Плохие вещи случаются только с плохими девочками. Хорошие этого не заслуживают.
По мнению Пэнси, всё это было полной хуйнёй. Гермиона была хорошей девочкой. Очень-очень хорошей девочкой — отлично училась, дружила с хорошими ребятами и пила исключительно теплый какао, не прогуливала уроки, не опаздывала и не занималась всякими мерзкими непотребствами. Вот только это её тоже не спасло.
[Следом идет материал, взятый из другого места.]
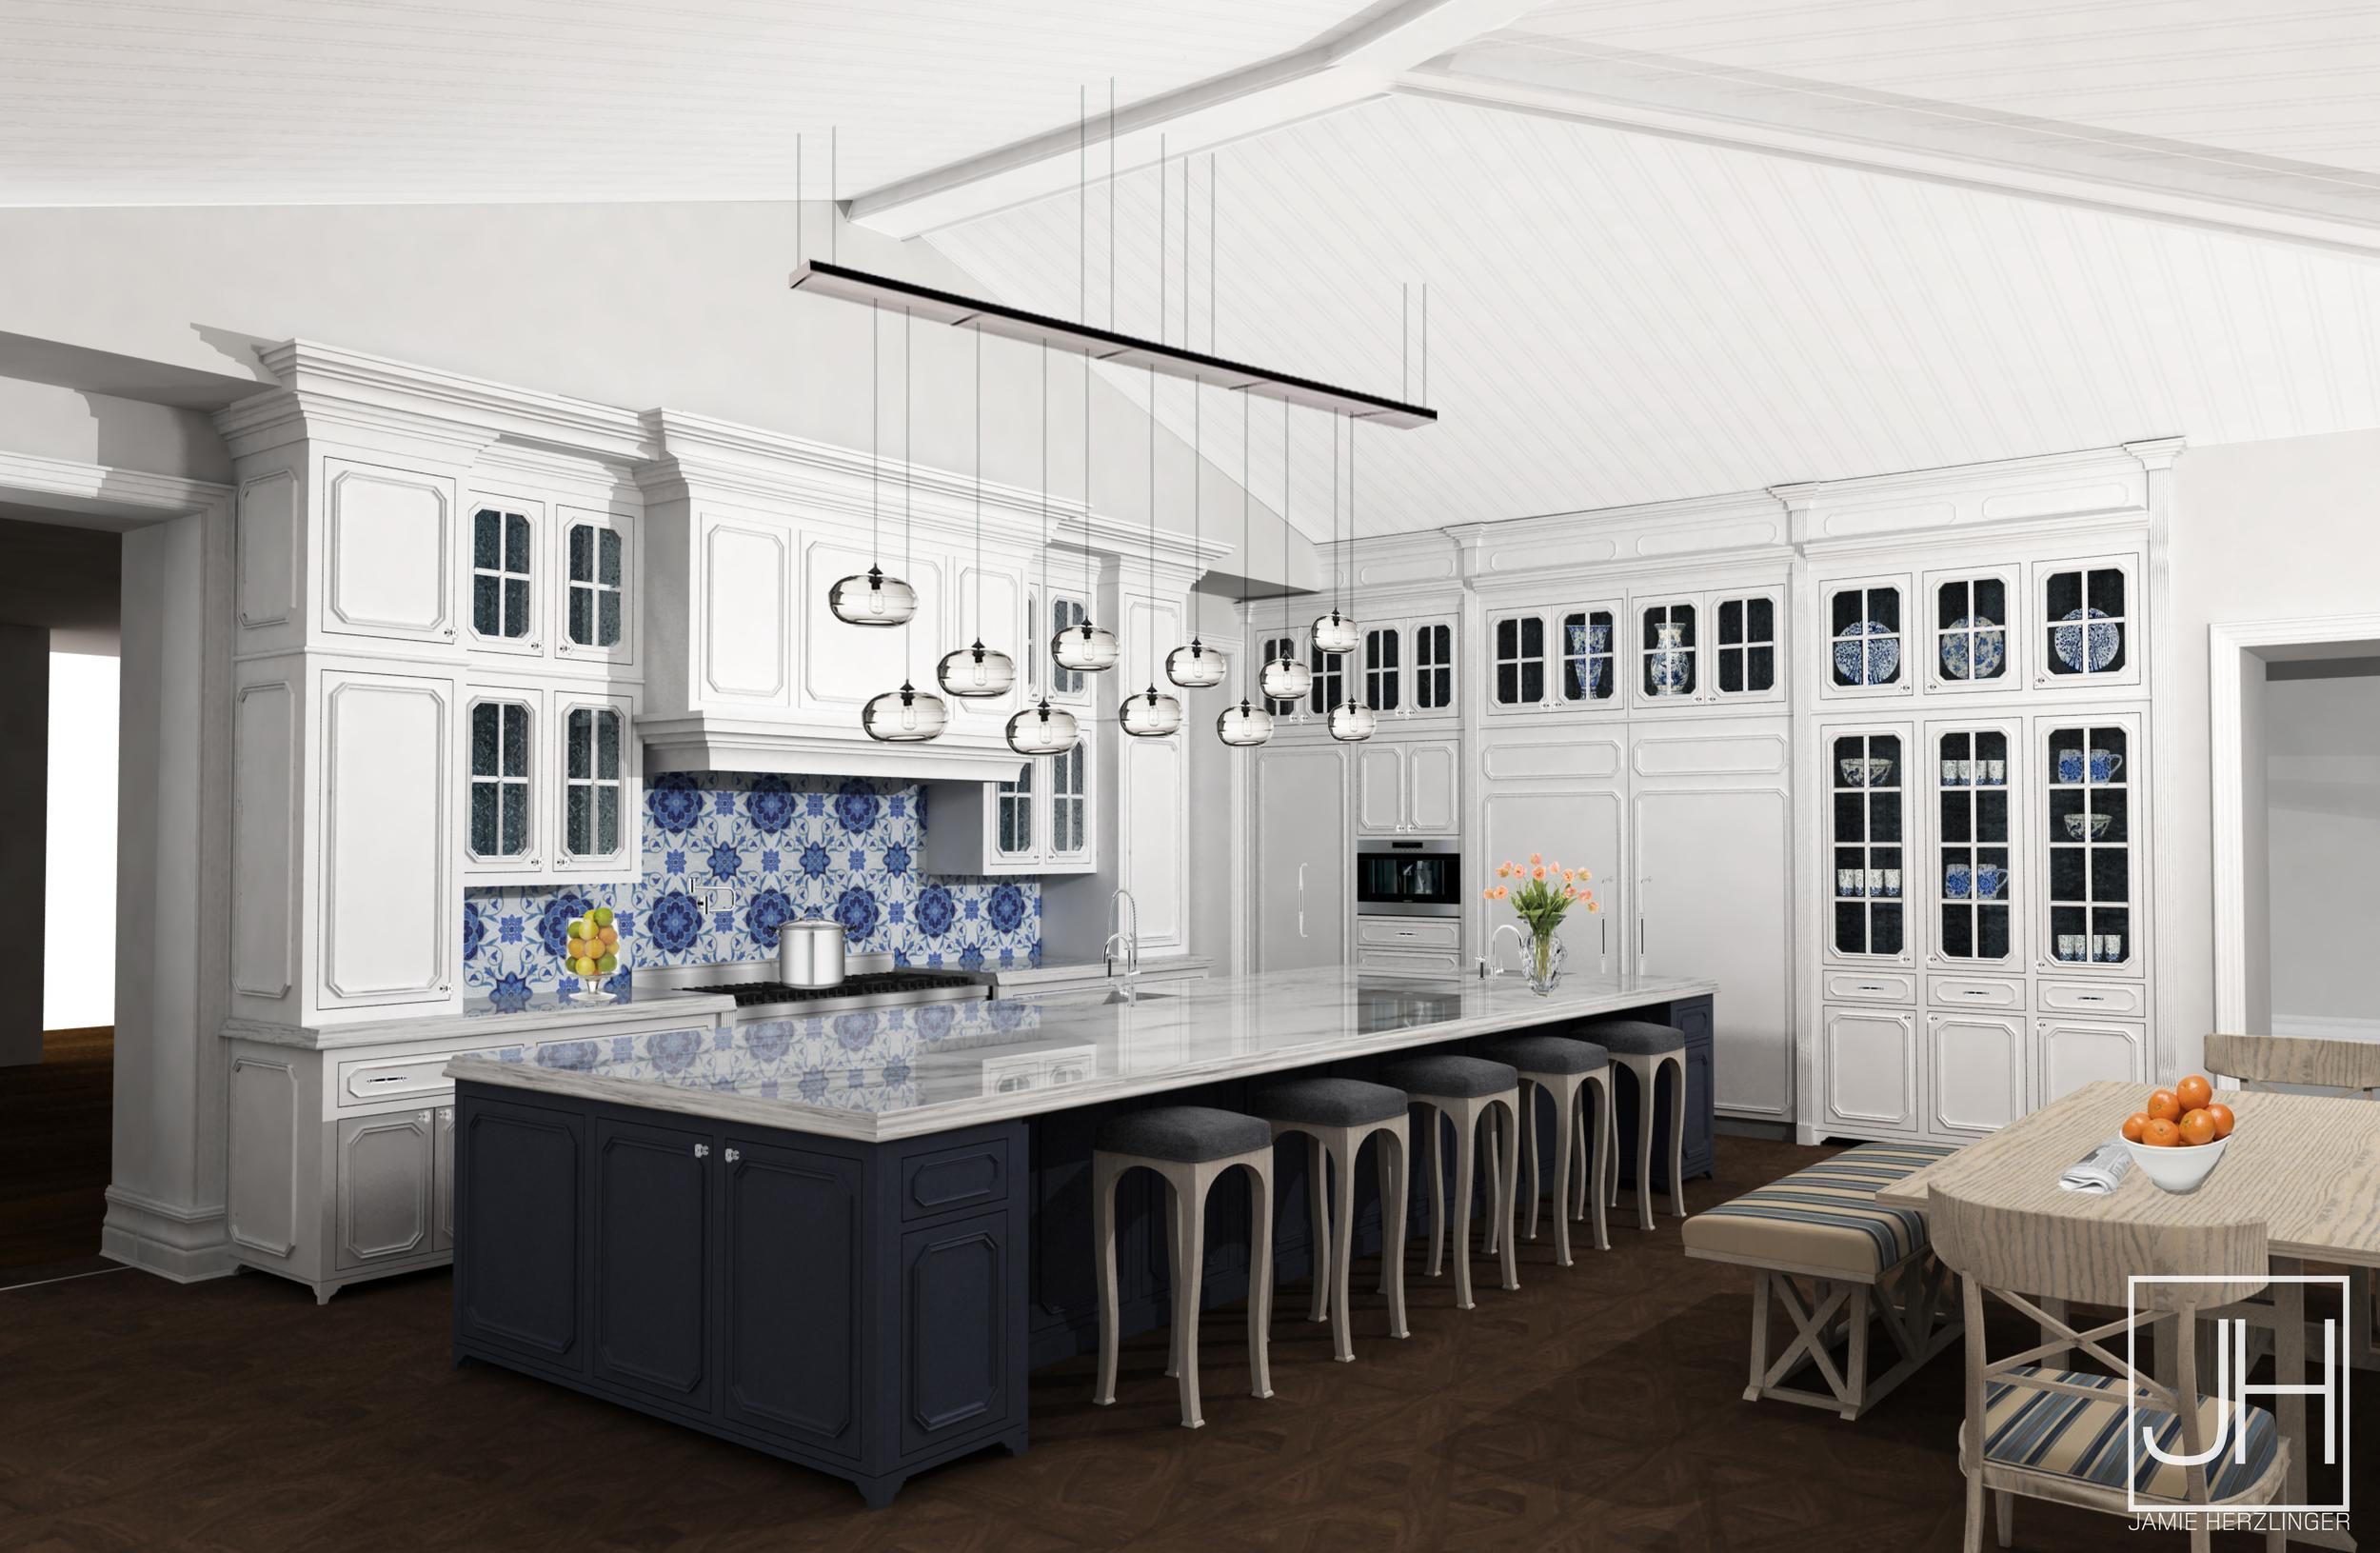 Perrin_Kitchen_040915.jpg

Она себя просто ломала. Раз за разом, каждый день находилась в сплошном замкнутом круге из боли, алкоголя и криков до содранного горла, умирала каждую ночь, а пару раз едва не захлебнулась собственной рвотой, потому что совсем перестала считать дозы алкоголя и экстази. Таблетки и вино мешались в одном стакане, а Пэнси пила их залпом, как утреннее лекарство. После пары таблеток ей немножко легчало, и утро уже не казалось таким дрянным и мерзким. И даже умирать не хотелось. Хотелось петь, танцевать и липнуть поближе к Грейнджер, ощущать теплый бок рядом и помогать ей расчесывать волосы. Вот только рядом её не было.
Пэнси не была влюблена в Грейнджер. Она просто заводилась от одного лишь прикосновения и была готова часами слушать её болтовню, красила ей ногти и постоянно лезла целоваться, потому что ей этого хотелось. Грейнджер была хорошей девочкой, идеальной, доброй, ласковой. Самой лучшей во всем мире.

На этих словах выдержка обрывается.